JPNN.com

Komisi IX DPR Mengingatkan Menkes Terawan soal Izin Edar Obat

Selasa, 26 November 2019 – 18:59 WIB Komisi IX DPR Mengingatkan Menkes Terawan soal Izin Edar Obat - JPNN.com
Menkes Terawan Agus Putranto. Foto: Fathra/JPNN.com

jpnn.com, JAKARTA - Wakil Ketua Komisi IX DPR Ansory Siregar menyoroti pernyataan Menkes Terawan Agus Putranto bahwa proses perizinan perederan obat-obatan akan ditangani kemenkes, dari sebelumnya diurusi Badan Pengawasan Obat dan Makanan (BPOM).

Ansory mengatakan pihaknya akan memanggil Terawan Agus Putranto untuk menanyakan rencana tersebut.

“Kami akan panggil Menkes dan jajarannya untuk menanyakan rencana ini, mengingat kewenangan pemberian izin terhadap obat itu diatur oleh sejumlah ketentuan dan peraturan yang mengikat, jadi nggak bisa main ambil begitu saja. DPR harus diajak bicara dan konsultasi, karena obat ini menyangkut orang banyak,” kata Ansory, Selasa (26/11).

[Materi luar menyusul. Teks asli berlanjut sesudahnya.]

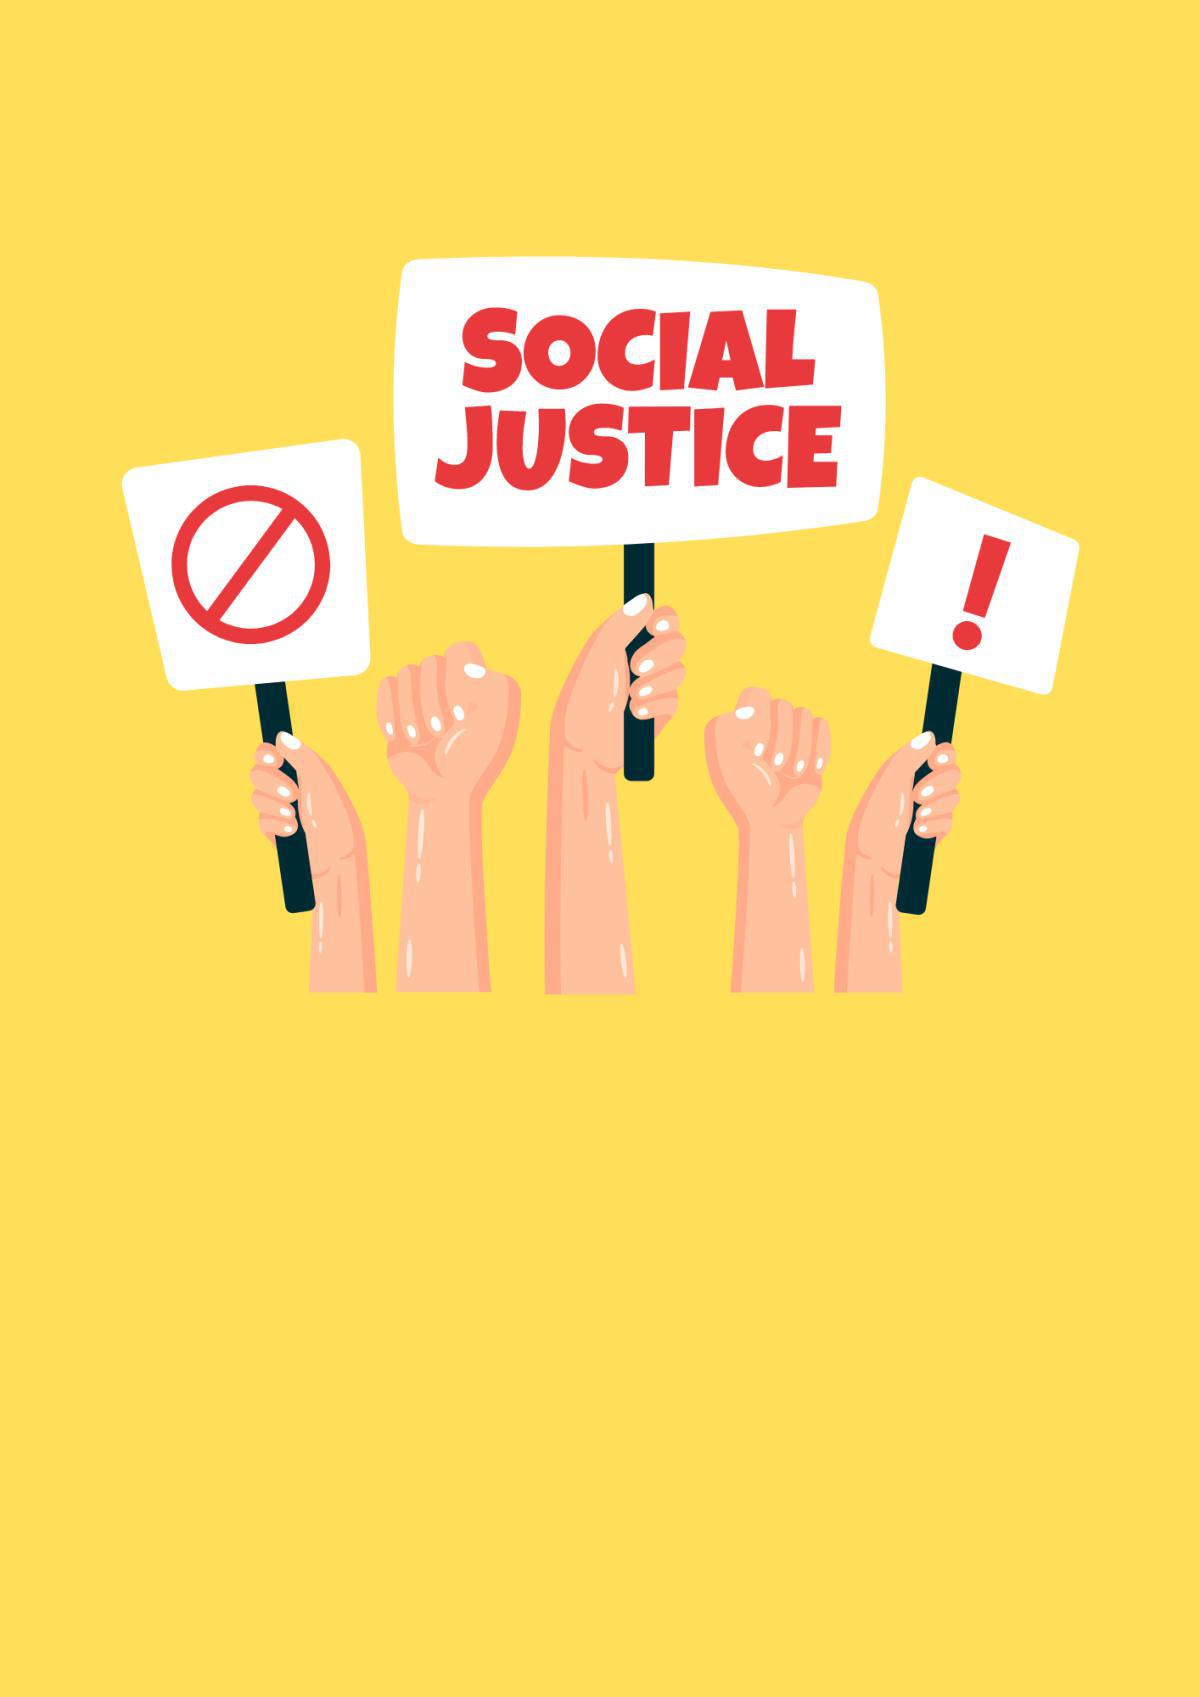 Accord intéressement : La CGT revendique plus de justice sociale

Ansory mengatakan, masih banyak tugas lain yang harus diselesaikan Menkes Terawan, seperti soal BPJS Kesehatan, ketimbang mempermasalahkan soal izin obat yang telah berjalan dengan baik selama ini.

“Jadi daripada mencari-cari masalah baru, mending menyelesaikan dulu masalah yang lebih penting,” tegasnya.

Dia juga mengingatkan, Kemenkes berjanji untuk segera melakukan reformasi birokrasi dalam waktu dekat. Bila dikaitkan dengan izin obat, kalau reformasi itu belum tuntas, bukan percepatan perizinan yang akan dilakukan pemerintah tetapi memperpanjang mata rantai birokrasi.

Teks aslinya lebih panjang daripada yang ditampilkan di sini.